Compared with the prior art, the invention has the beneficial effects that a parameterized aggregation EV charging model based on real-time information is provided, and the charging flexibility is expressed by using an energy boundary; the charging priorities of the electric vehicles connected into the power grid are sequenced by using a good-bad solution distance method, so that the square sum of the deviations of the active output correction in the day is minimum while the influence of the traveling uncertainty of the electric vehicles on the day-ahead scheduling plan is reduced. The precision of the original day-ahead optimization is improved, the components which are optimized in real time in the day are added, the scheduling time is saved, and the real-time performance and the accuracy are improved.

Drawings

FIG. 1 is a block diagram of the steps of the city power grid electric vehicle cooperative regulation and control method based on real-time information according to the present invention;

FIG. 2 is a block diagram of a group energy boundary and dispatch plan for a previous electric vehicle in accordance with an embodiment of the present invention;

FIG. 3 is a flowchart of a dispatch plan modification based on real-time information in an implementation of the present invention.

Detailed Description

The present application is further described below with reference to the accompanying drawings. The following examples are only for illustrating the technical solutions of the present invention more clearly, and the protection scope of the present application is not limited thereby.
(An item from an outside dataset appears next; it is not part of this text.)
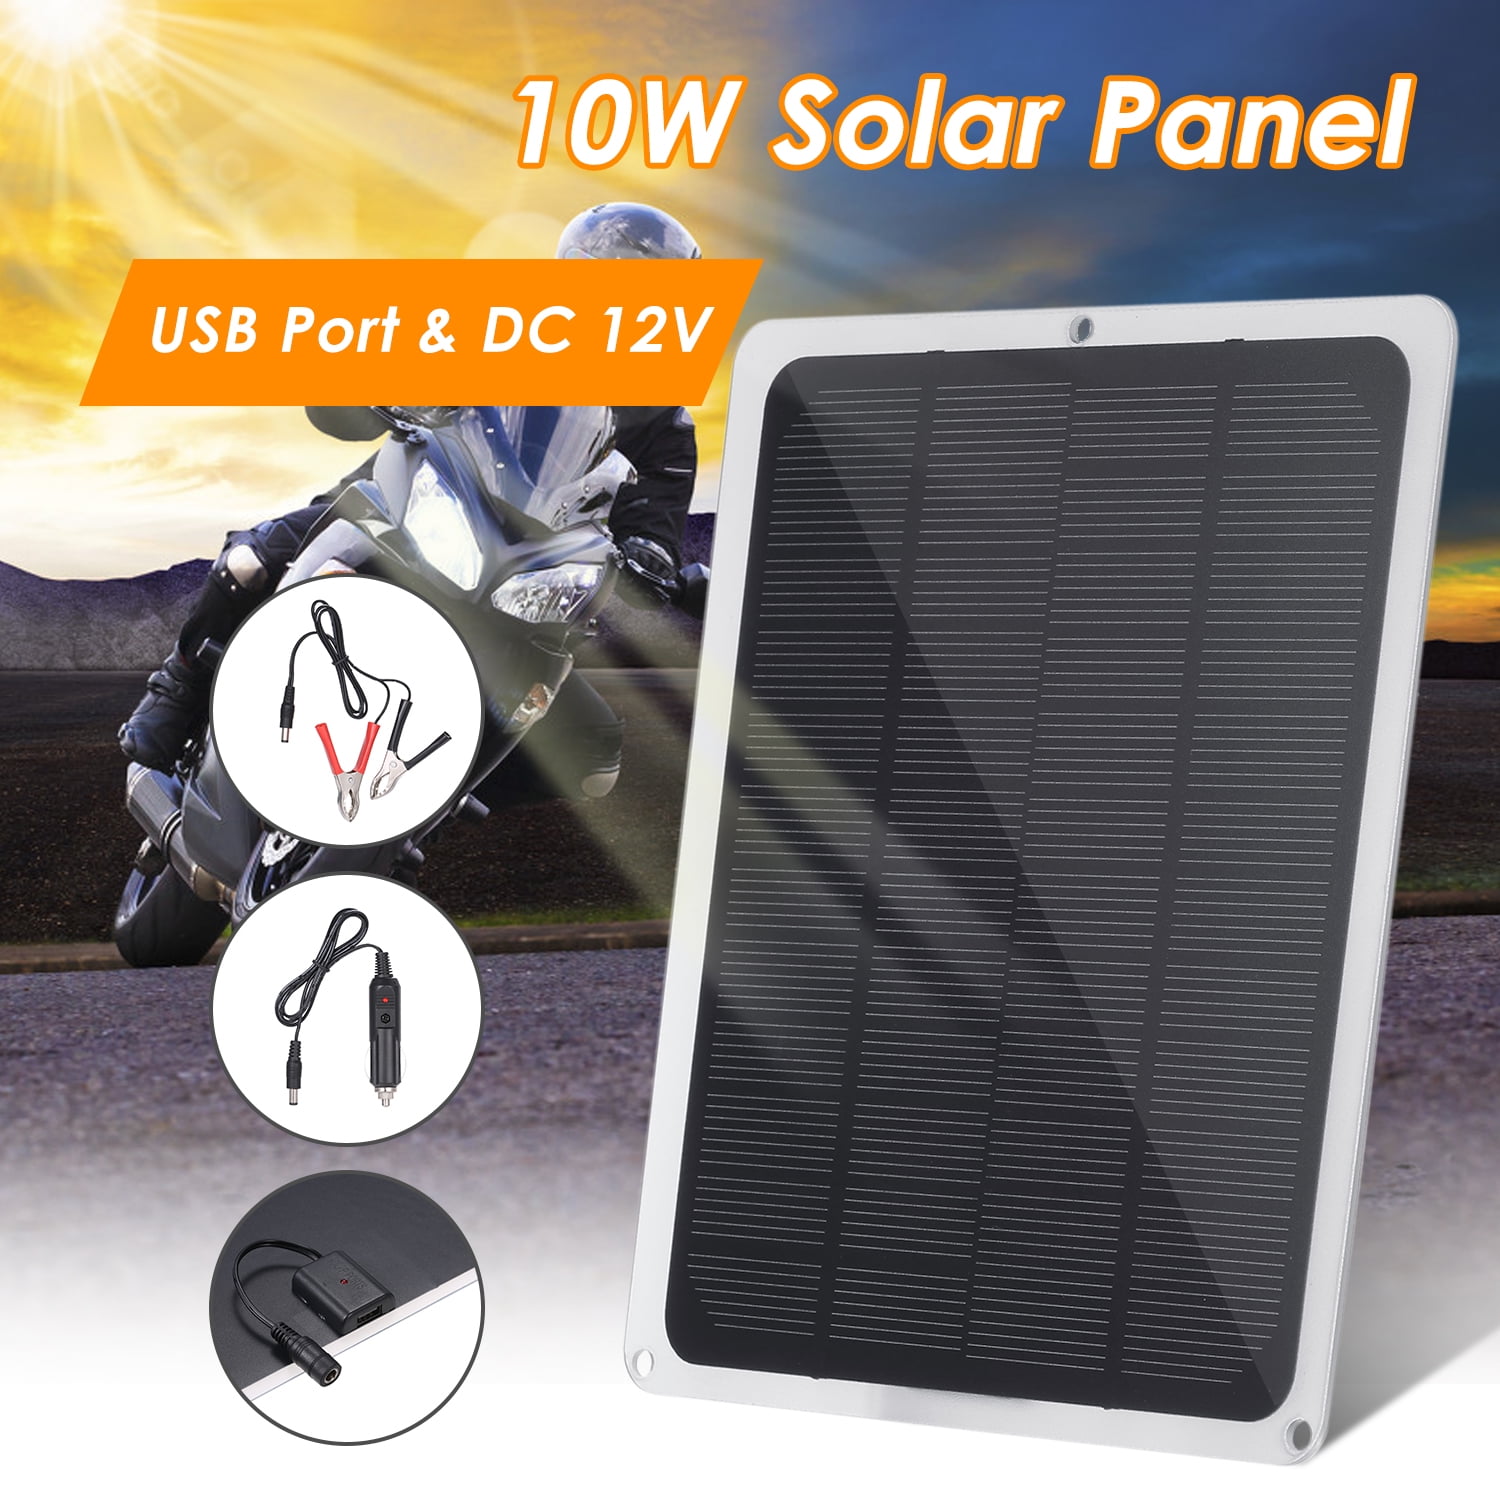 Portable Solar Panel Power Charger USB Camping Travel Phone Charge 5V/6V 1W/10W

As shown in fig. 1, the invention discloses a city power grid electric vehicle cooperative regulation and control method and system based on real-time information, and the specific method comprises the following steps:

obtaining a day-ahead scheduling plan by calculating a historical energy boundary, then obtaining an active output objective function of the electric automobile in the day again based on real-time information, calculating a positive and negative ideal solution, and finally performing power distribution;

the electric vehicle cooperative regulation and control method comprises the following steps:

step 1, collecting energy data changes of an electric automobile during quick charging and slow charging;

the collected energy comprises the battery capacity of the electric automobile and the efficiency of a charging pile in the charging time;

step 2, generating the energy boundary of a single electric vehicle and aggregating the energy boundaries of a group according to the forecast information of the electric vehicles in the day ahead

And based on the real-time information, obtaining the actual energy boundary (E) of the electric automobile group⁺，E^-)：

In this embodiment, the electric vehicle prediction information is charging pile efficiency, charging process duration, and battery capacity required when the electric vehicle leaves the charging pile.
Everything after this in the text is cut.